→ **Input for this task**
--*--

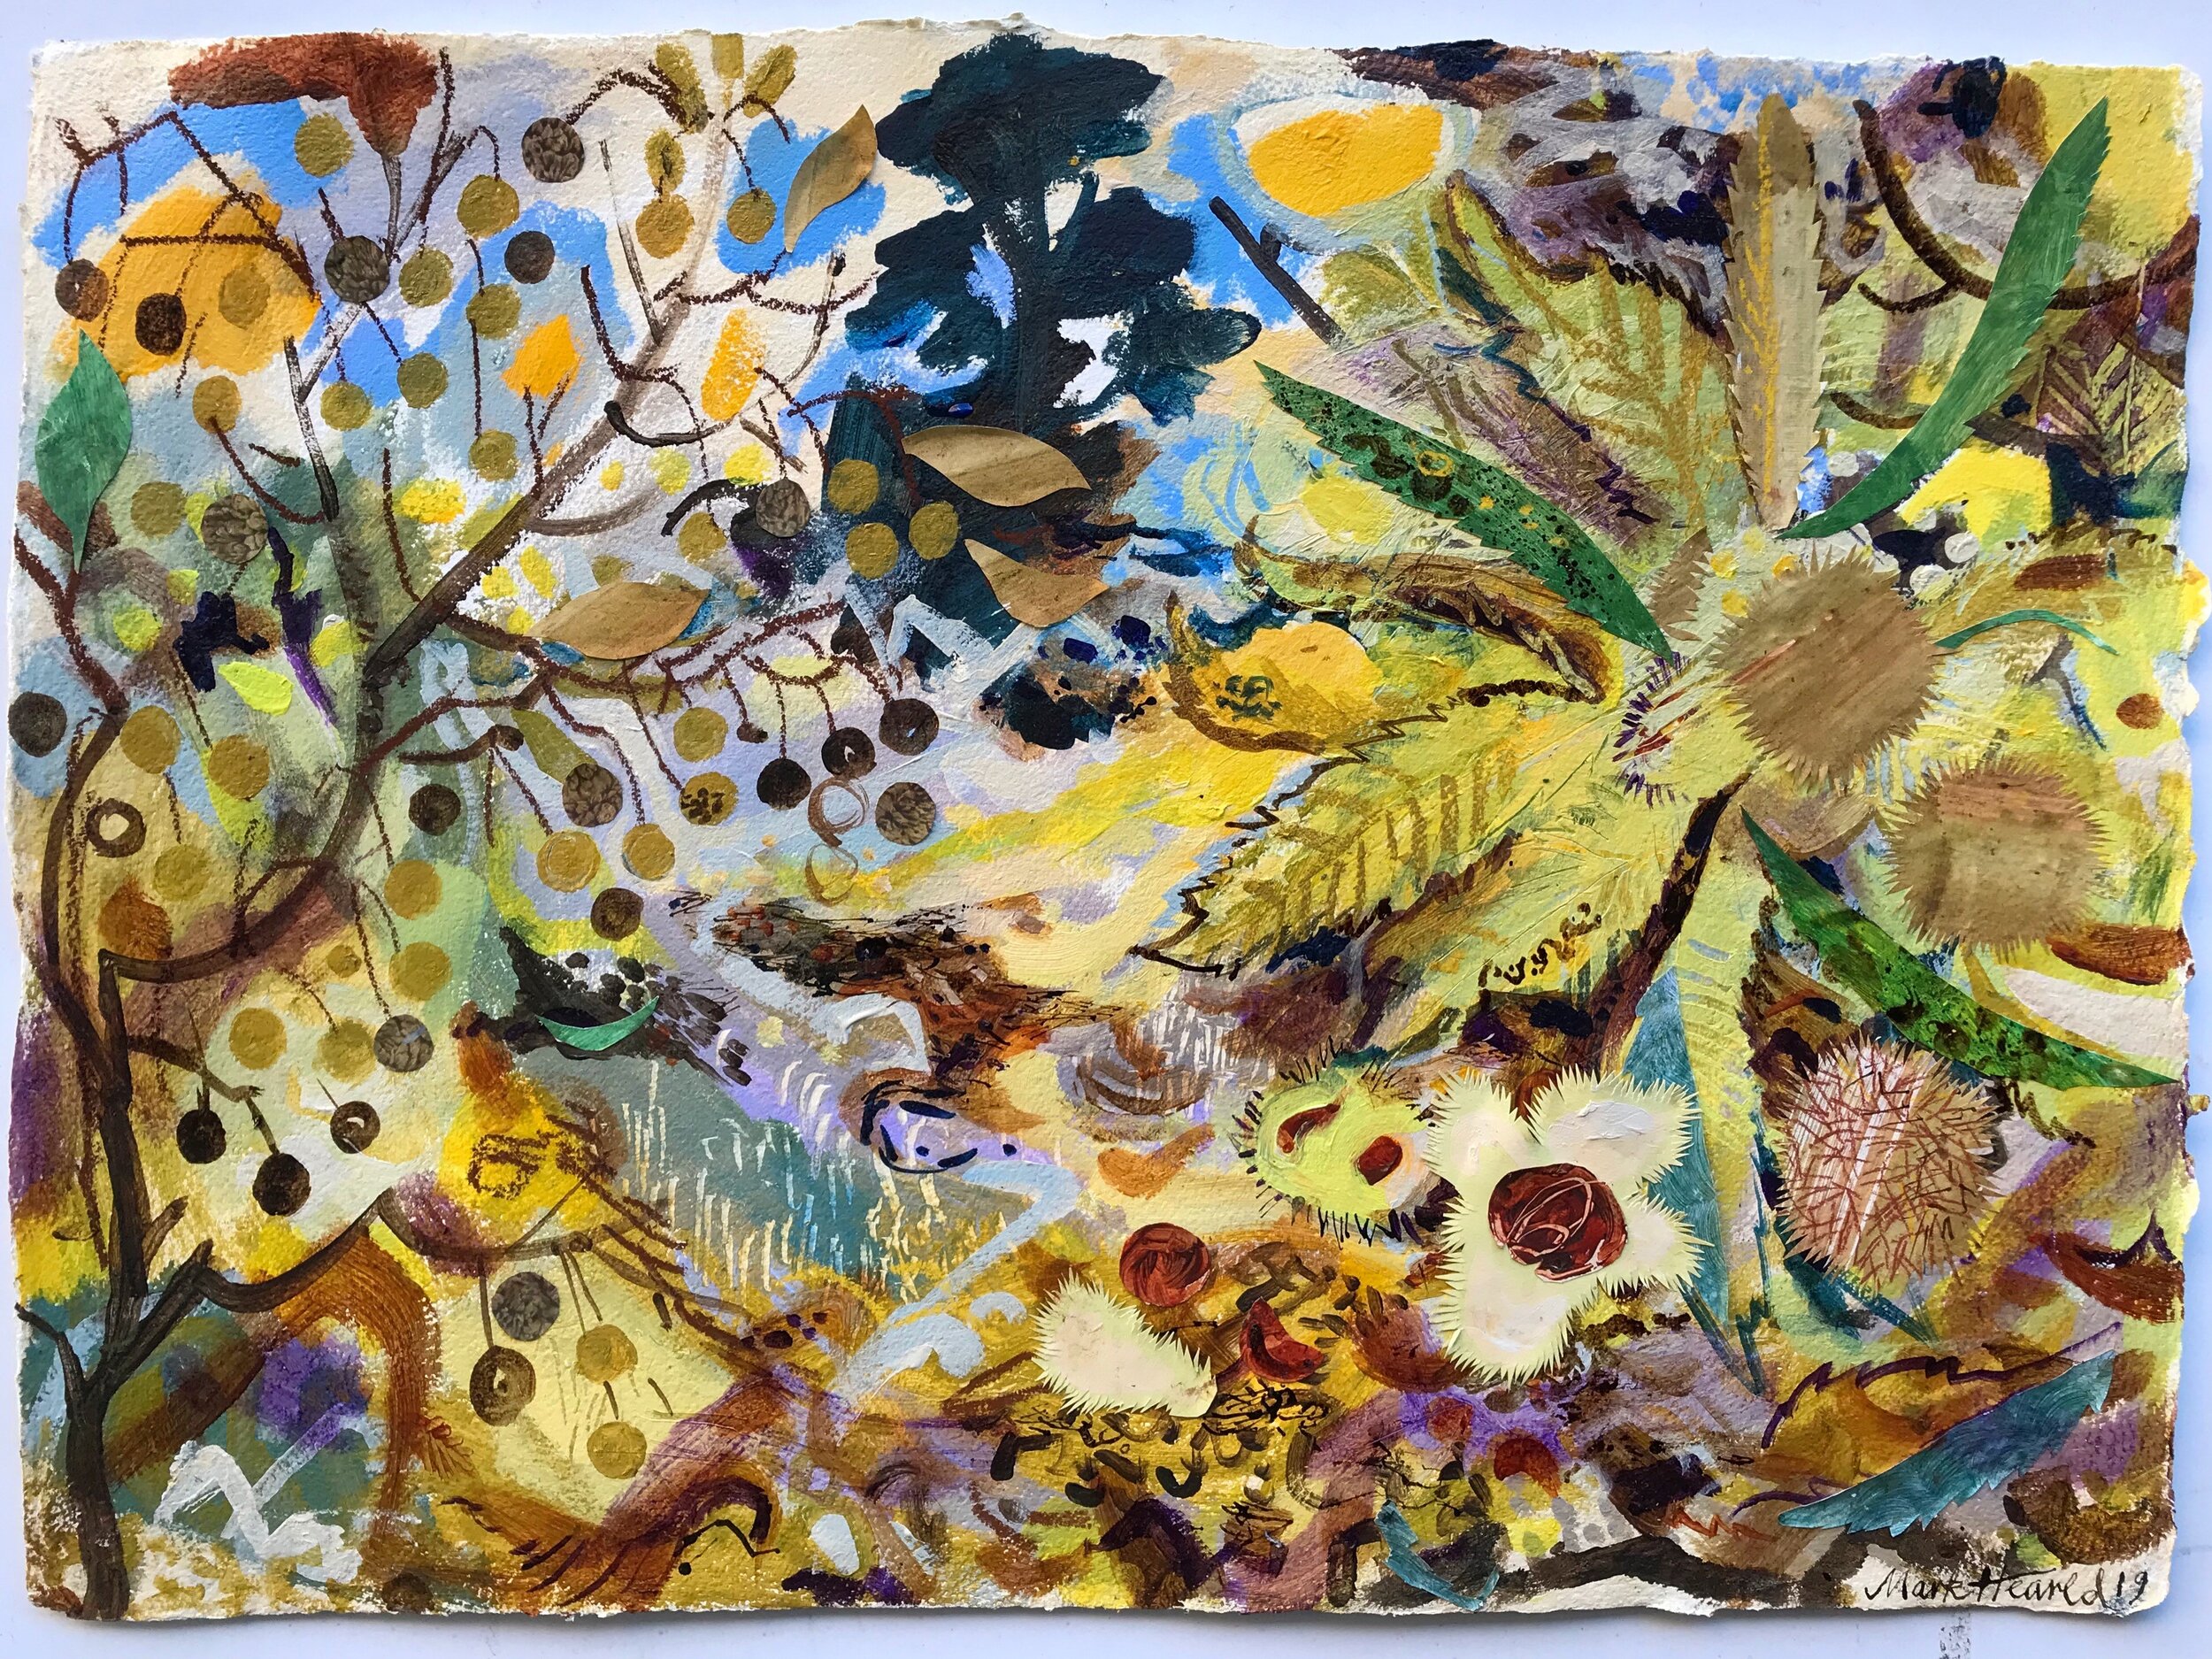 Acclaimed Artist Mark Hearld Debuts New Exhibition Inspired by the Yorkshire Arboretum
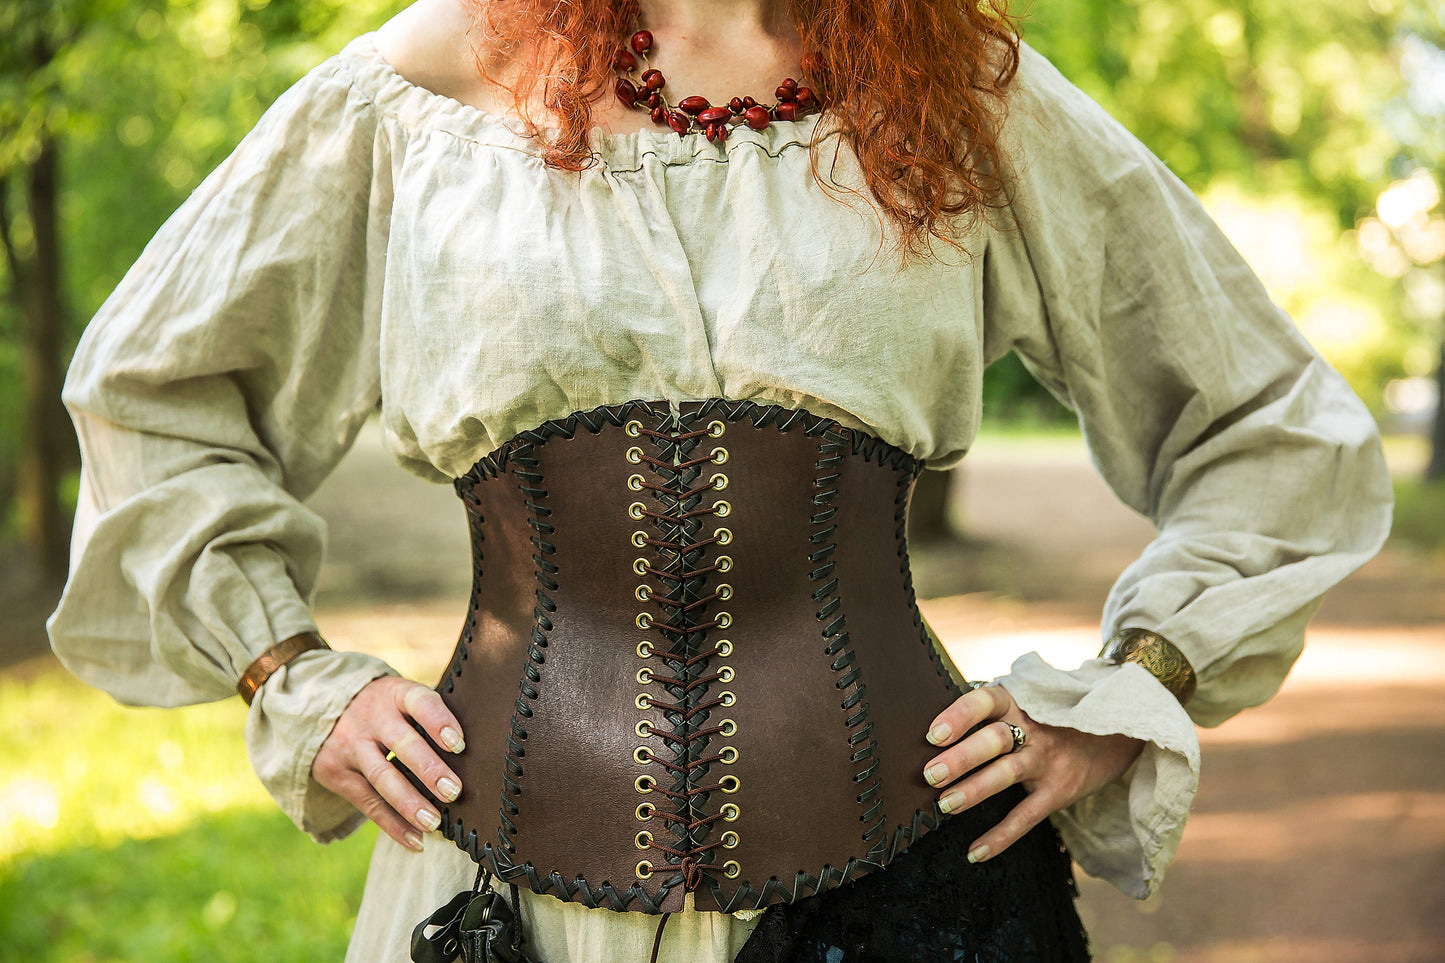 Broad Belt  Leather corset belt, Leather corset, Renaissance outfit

--*--

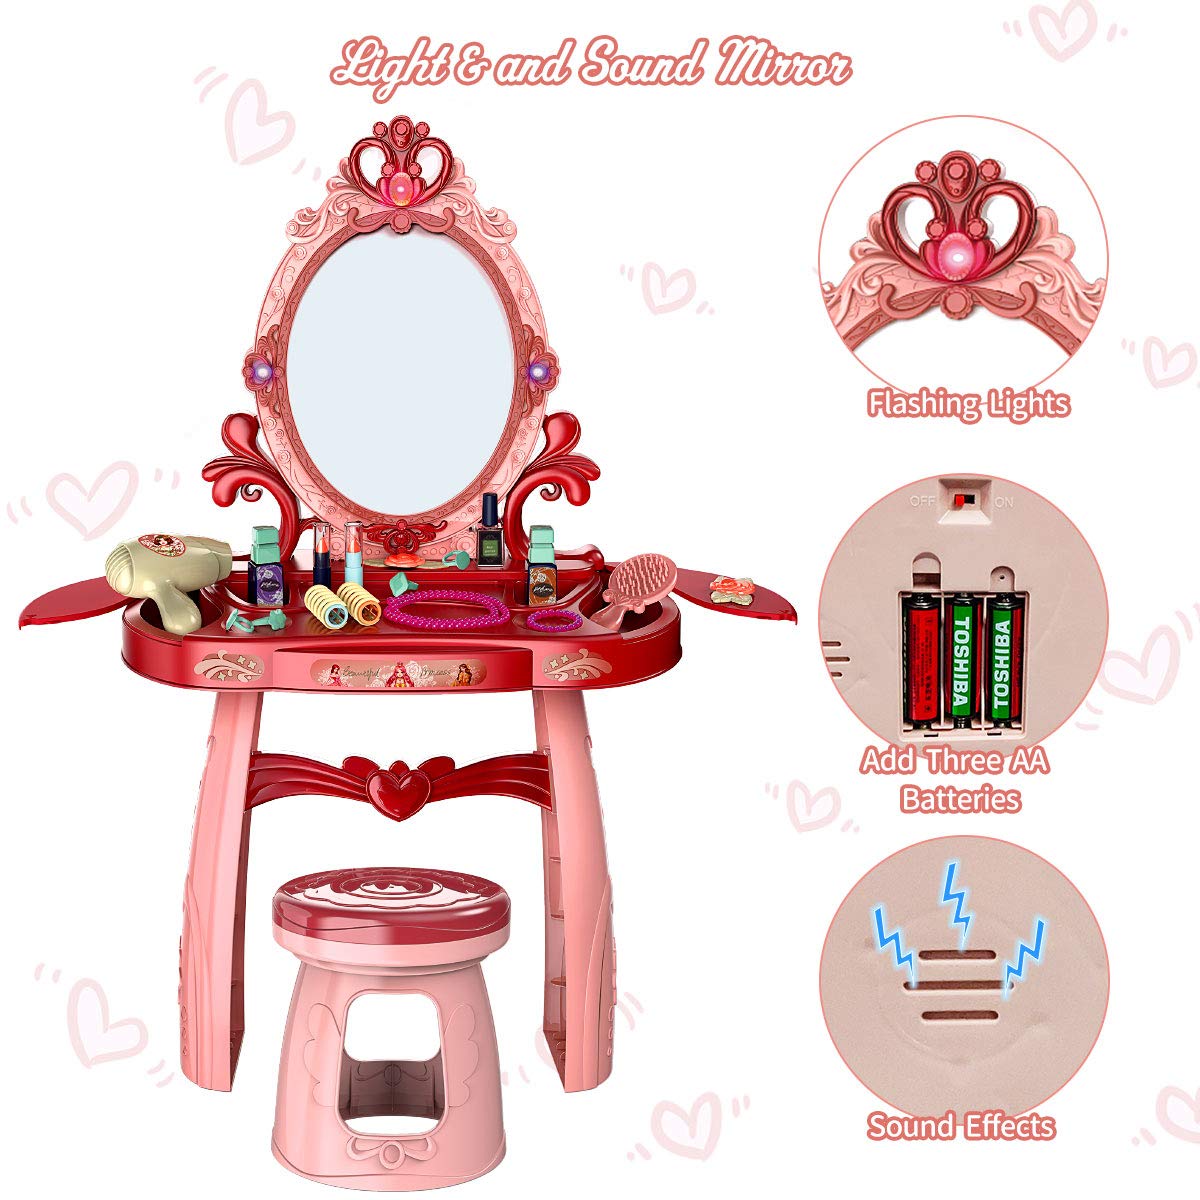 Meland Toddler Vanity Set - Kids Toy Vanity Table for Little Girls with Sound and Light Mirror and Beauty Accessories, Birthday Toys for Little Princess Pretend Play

--*--

→ **Task statement**
Each line above starting at the one holding "Acclaimed Artist Mark" and ending at the one holding "corset, Renaissance outfit" should be set down exactly as it stands, both ends included, with no pictures.

→ **Written solution**
 Acclaimed Artist Mark Hearld Debuts New Exhibition Inspired by the Yorkshire Arboretum
 Broad Belt  Leather corset belt, Leather corset, Renaissance outfit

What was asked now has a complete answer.